7.2 PUBLICITY. No party shall issue any press release, written public
statement or announcement relating to this Agreement or the transactions
contemplated by this Agreement without the written prior approval of the other
party in each instance, except to the extent such disclosure is required by
applicable law (in which case such party shall use all reasonable efforts to
give the other party prior notice thereof).

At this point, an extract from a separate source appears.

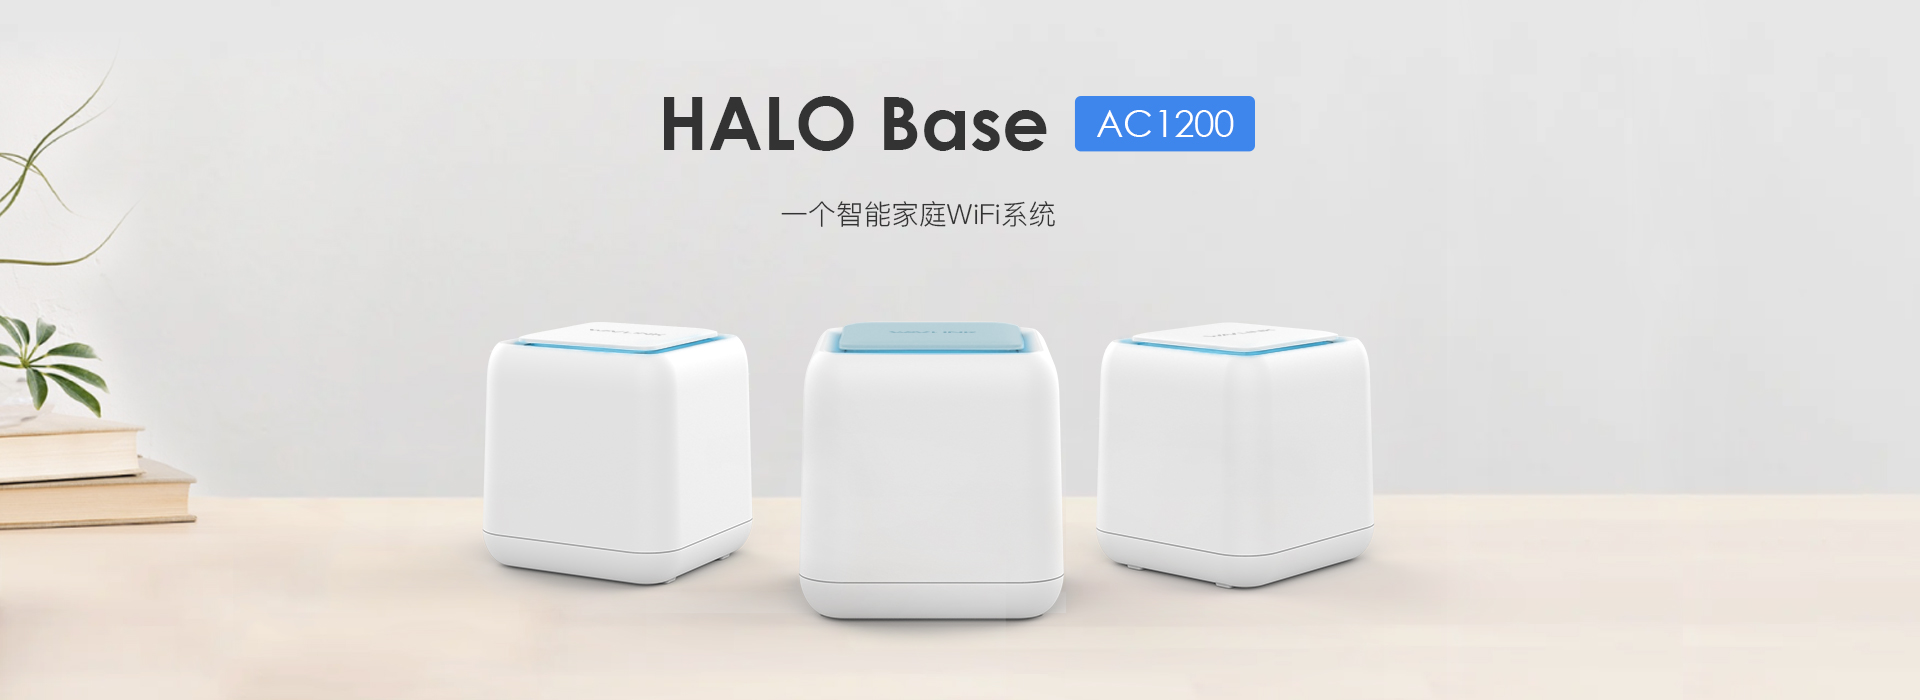 HALO Base - 1200Mbps双频千兆分布式路由

7.3 EXPENSES. Except as otherwise provided in this Agreement, Charter
and Buyer shall each bear its respective expenses incurred in connection with
the negotiation, execution, delivery or implementation of this Agreement or the
transactions contemplated by this Agreement, including without limitation all
accounting, legal, financial advisory and other expenses. Each party hereby
acknowledges that no broker, investment banker or other person is entitled to
any broker's, finder's or other similar fee or commission payable by such party
in connection with the transactions contemplated by this Agreement.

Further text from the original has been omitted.